From the Journals

Has the time come for glucose monitors for people without diabetes?


AT ADA 2022

Use of continuous glucose monitoring (CGM) by people without diabetes is becoming increasingly popular despite little evidence of benefit thus far, prompting discussion in the diabetes technology community about best practices.

Emerging uses for CGM outside of diabetes include improving glucose patterns to avoid diabetes, improving mental or physical performance, and promoting motivation for healthy behavior change. Such uses are not approved by the Food and Drug Administration and not covered by health insurance, yet a growing number of people are paying digital health companies for the devices as part of wellness packages.
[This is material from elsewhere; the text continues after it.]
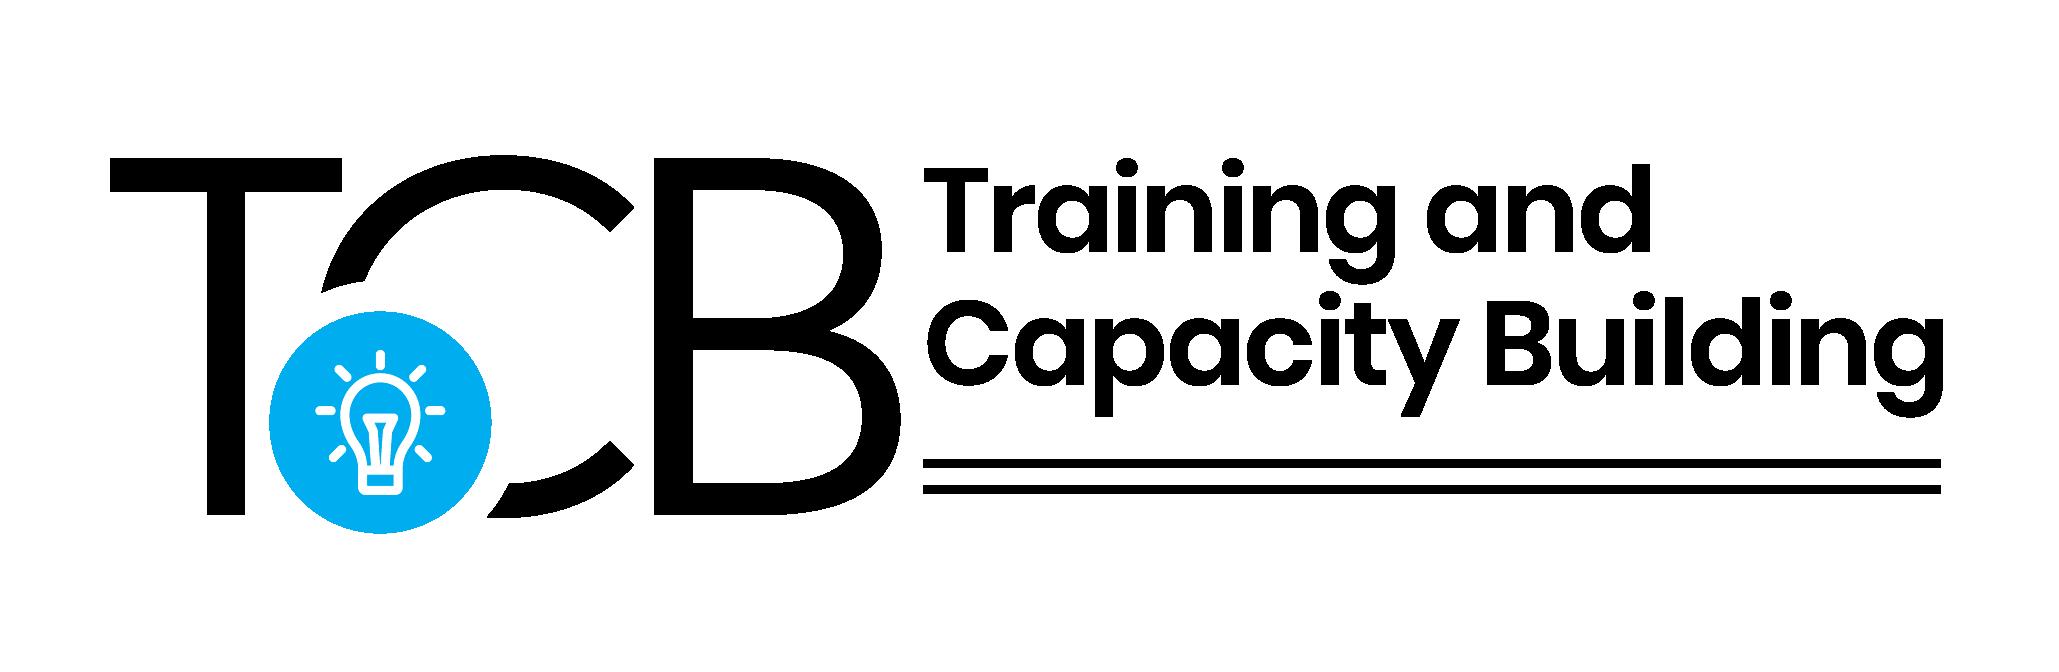 MSME Logo Updated

In a related issue that highlights a limitation in this area, new data suggest that the “glucose management indicator (GMI)” feature of CGMs used for diabetes management – a percentage derived from people with diabetes and elevated A1c – may overestimate the actual A1c level in people without diabetes or those with diabetes who maintain A1c less than 6.5%.

“This is an evolving space ... CGM in people with prediabetes may be beneficial, but we need more data and evidence to recommend it. CGM metrics such as time-in-range and GMI are designed for people with type 1 and type 2 diabetes, and therefore, they are not applicable for people without diabetes,” Viral Shah, MD, said in an interview.

During the recent virtual Diabetes Technology Society meeting, Dr. Shah presented results from a soon-to-be published study finding that on average, GMI was 0.59% higher in people with A1c less than 5.7% and 0.49% higher for A1c 5.7%-6.4%, both significant (P < .0001). Dr. Shah, of the Barbara Davis Center for Diabetes, Adult Clinic, Aurora, Colorado, also presented those data in June at the annual scientific sessions of the American Diabetes Association.

Juan Espinoza, MD, of Children’s Hospital Los Angeles, told this news organization that there are data showing that CGM can be a “powerful biofeedback tool” in people with obesity who don’t have diabetes. “Since they don’t have diabetes the time in range or GMI is meaningless. What’s useful for them is seeing the glucose changes in real time and then using that as a trigger for behavioral change.”

‘An idea whose time has come?’

Dr. Espinoza was a co-author on a review published online in the Journal of Diabetes Science and Technology, entitled, “Use of Continuous Glucose Monitors by People Without Diabetes: An Idea Whose Time Has Come?”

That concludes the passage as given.